SUPPLIED INFORMATION:
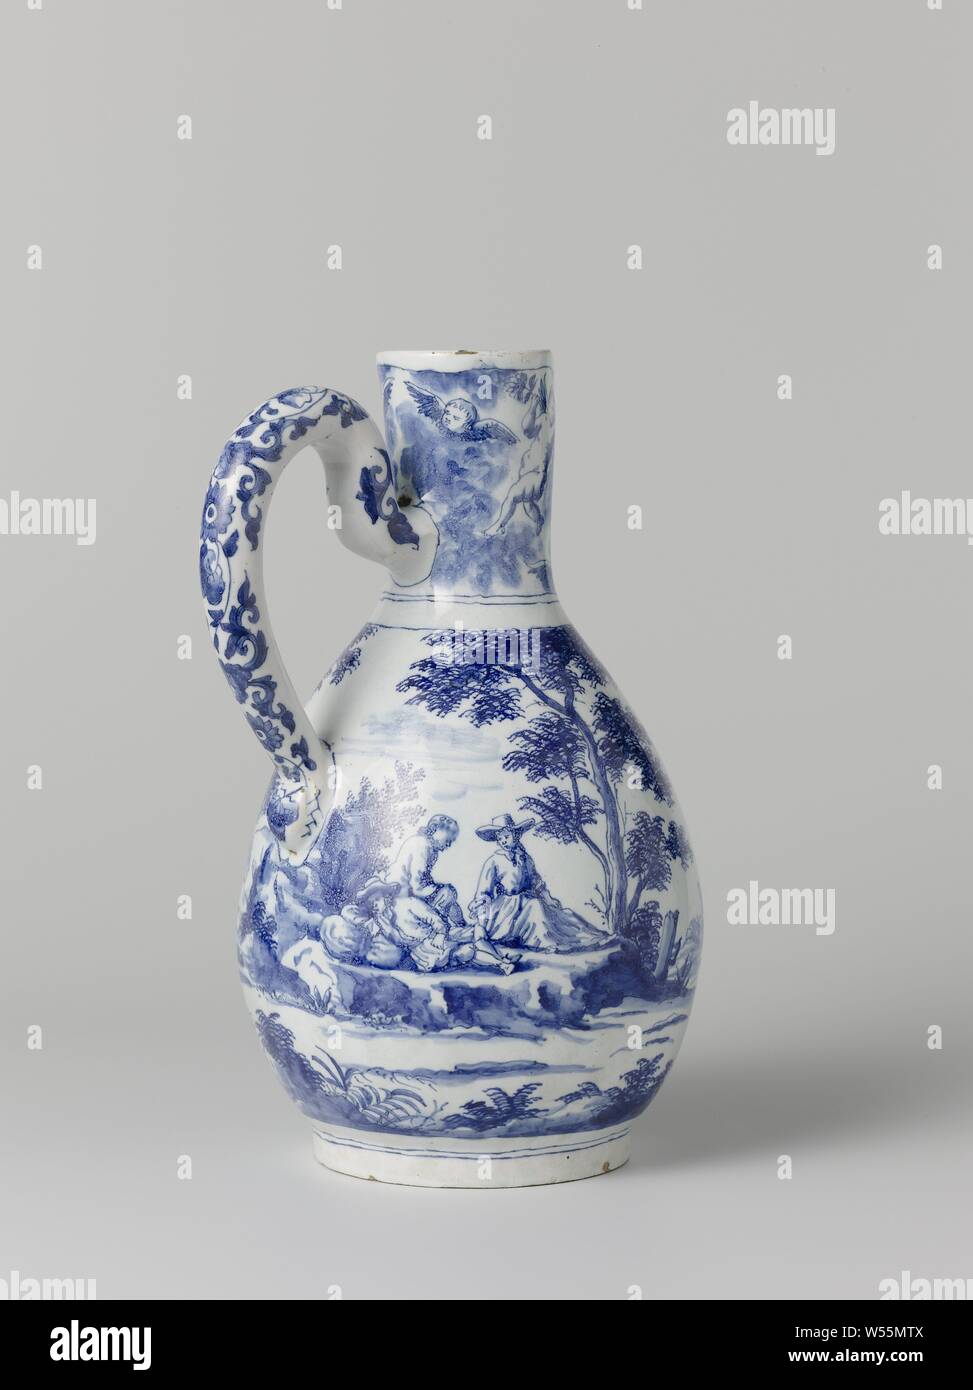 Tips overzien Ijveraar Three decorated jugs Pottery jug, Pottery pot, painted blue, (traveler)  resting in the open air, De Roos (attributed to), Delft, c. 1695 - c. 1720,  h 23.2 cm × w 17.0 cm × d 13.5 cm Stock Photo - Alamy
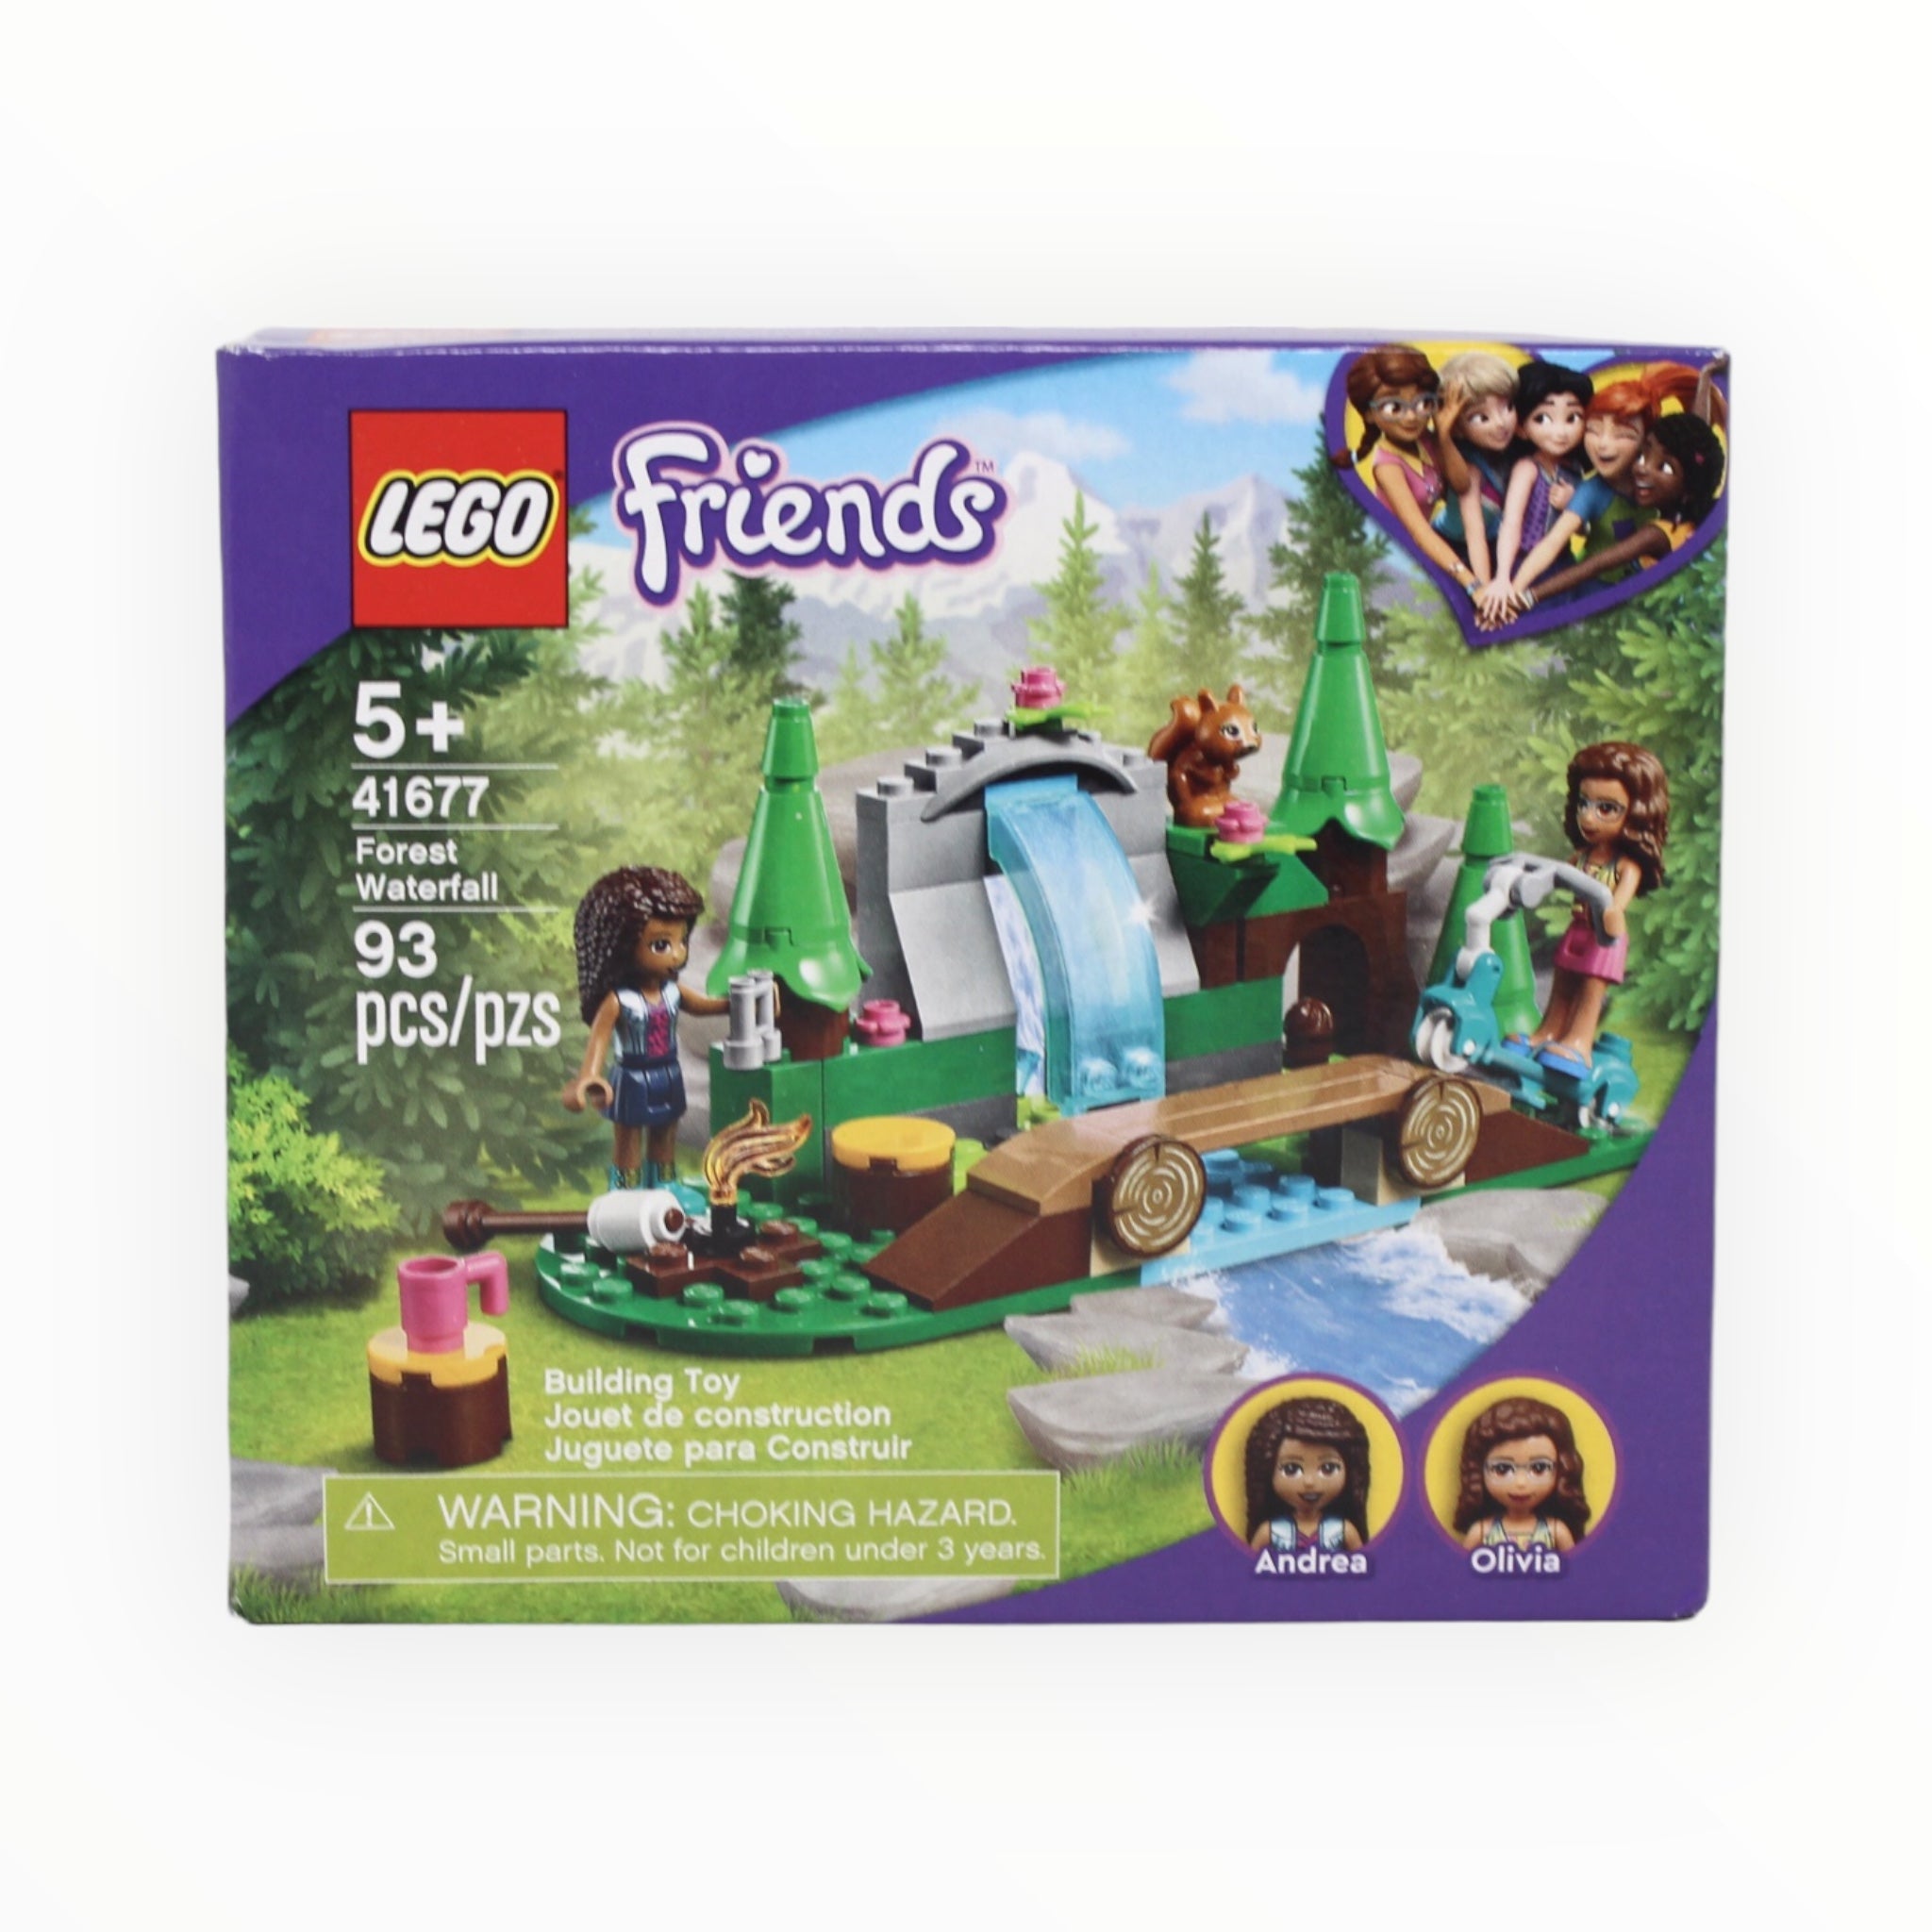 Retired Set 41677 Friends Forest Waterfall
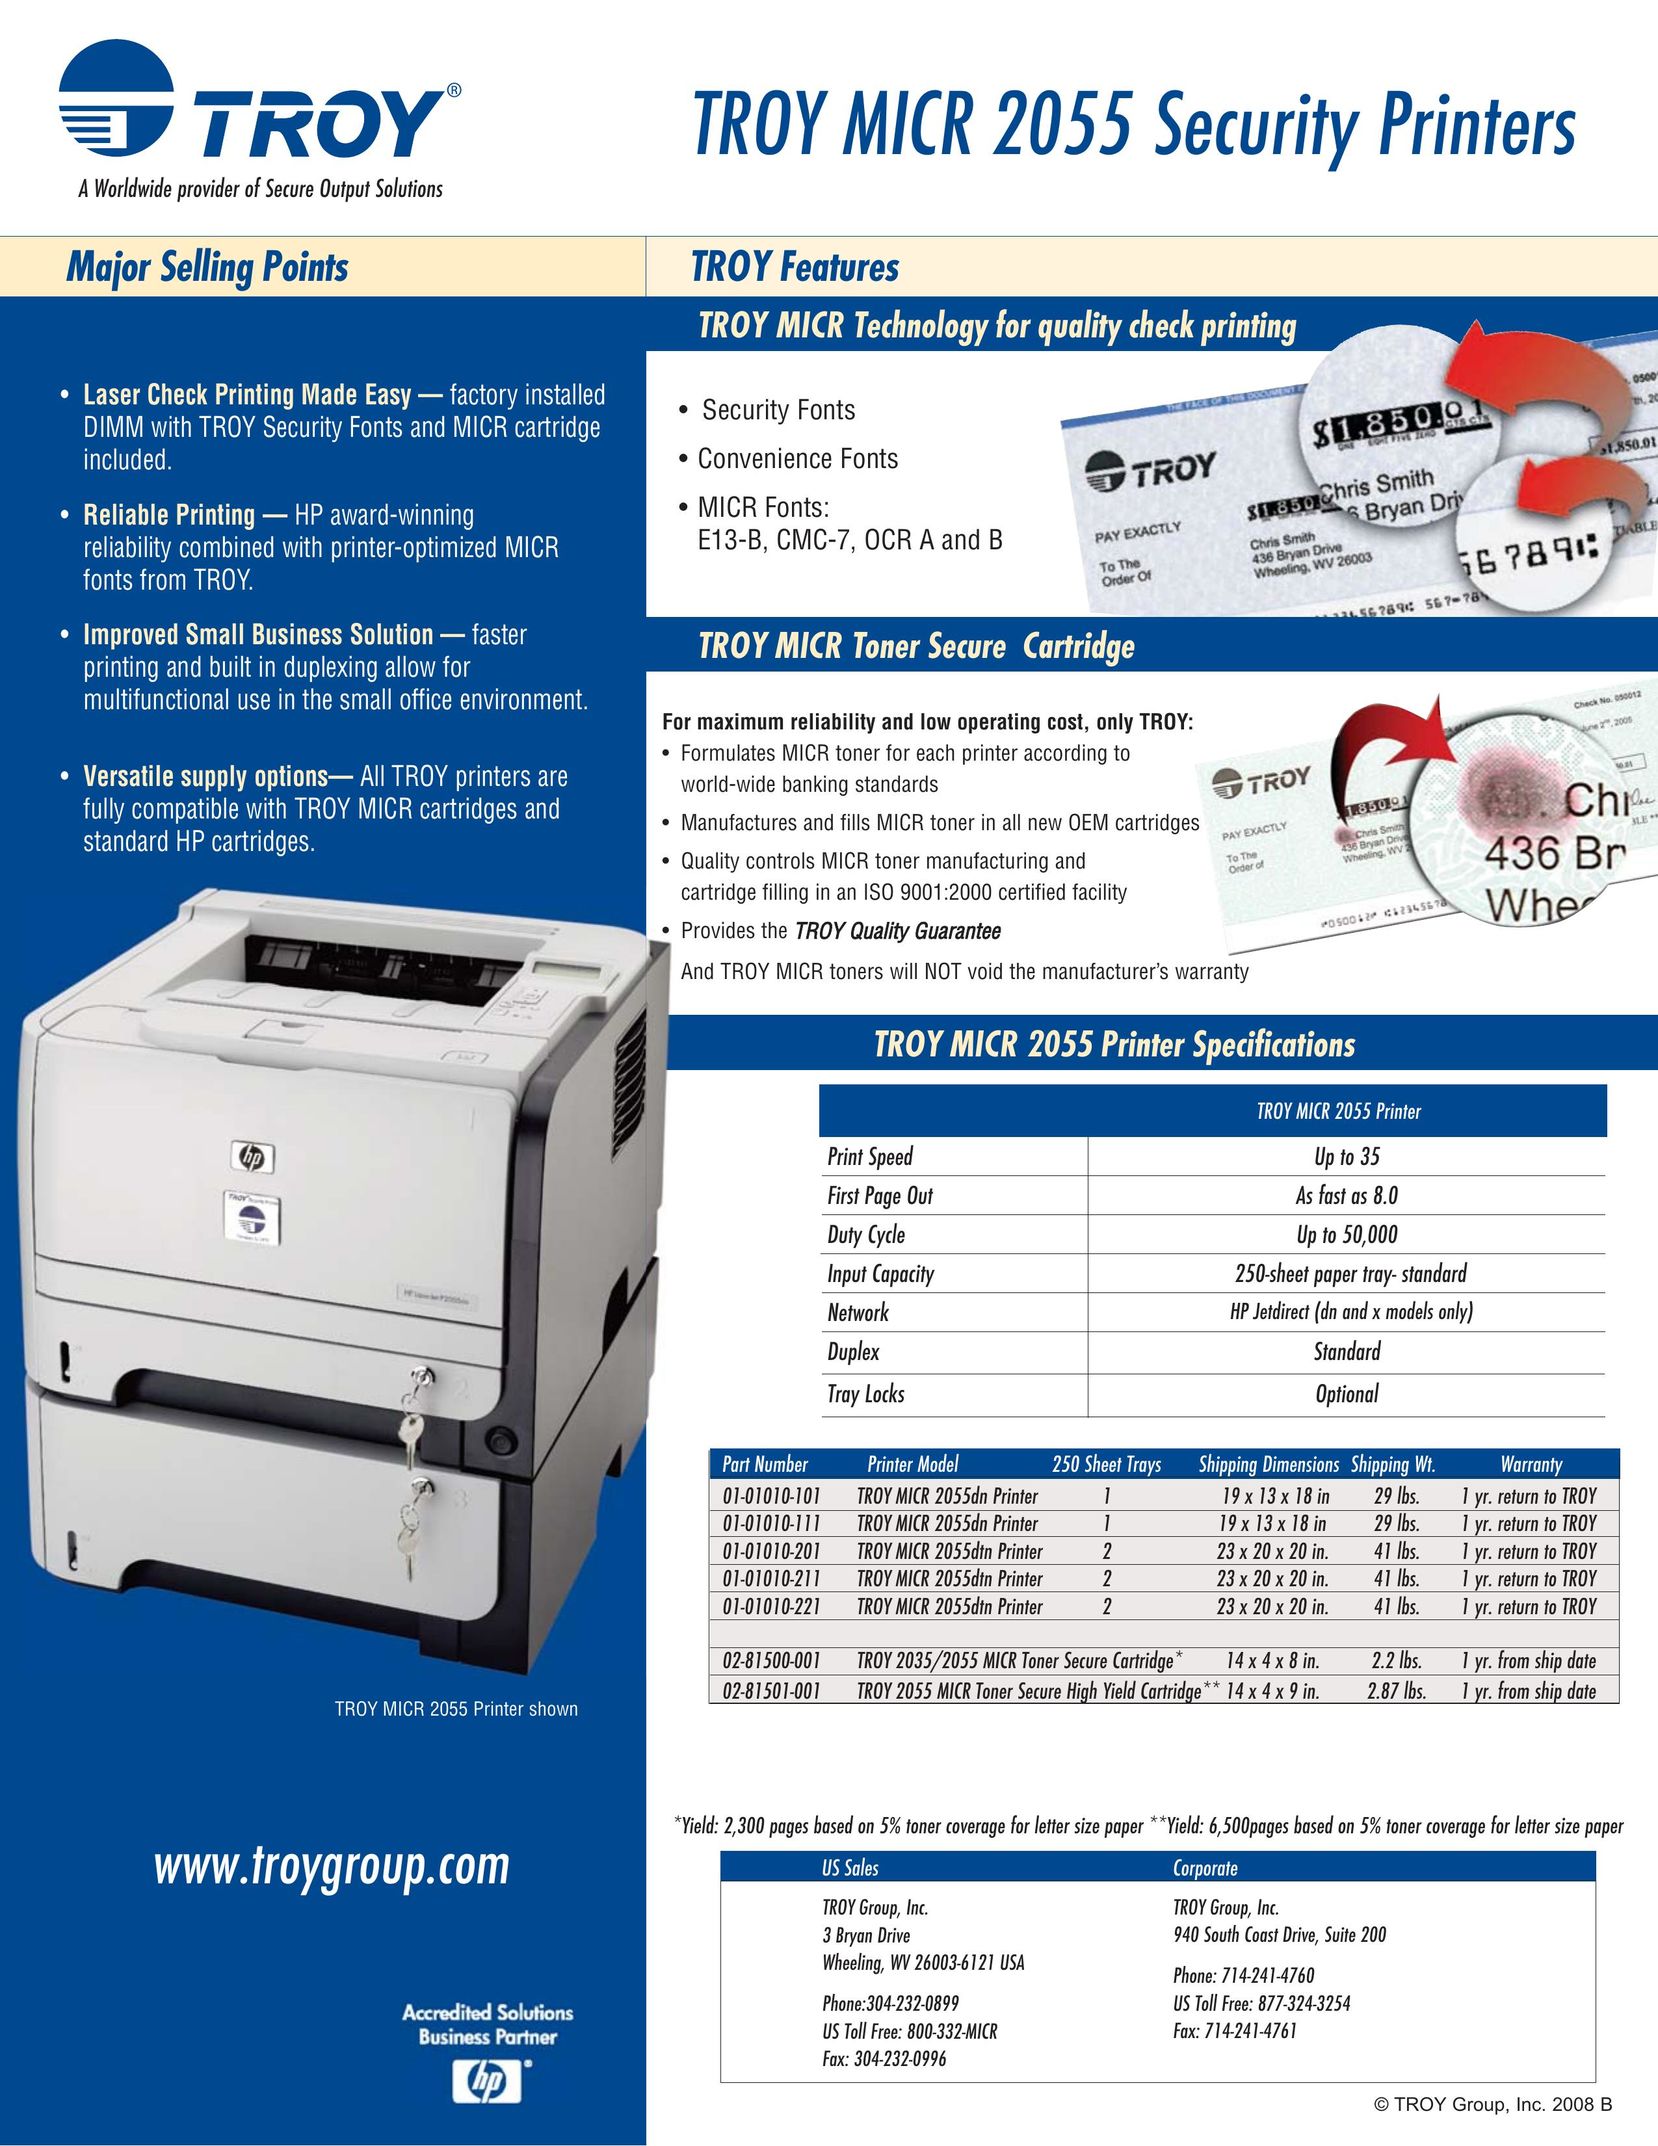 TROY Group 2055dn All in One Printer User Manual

WHAT IS BEING ASKED: Repeat the data above exactly, images excluded.

RESPONSE:
 Tips overzien Ijveraar Three decorated jugs Pottery jug, Pottery pot, painted blue, (traveler)  resting in the open air, De Roos (attributed to), Delft, c. 1695 - c. 1720,  h 23.2 cm × w 17.0 cm × d 13.5 cm Stock Photo - Alamy
 Retired Set 41677 Friends Forest Waterfall
 TROY Group 2055dn All in One Printer User Manual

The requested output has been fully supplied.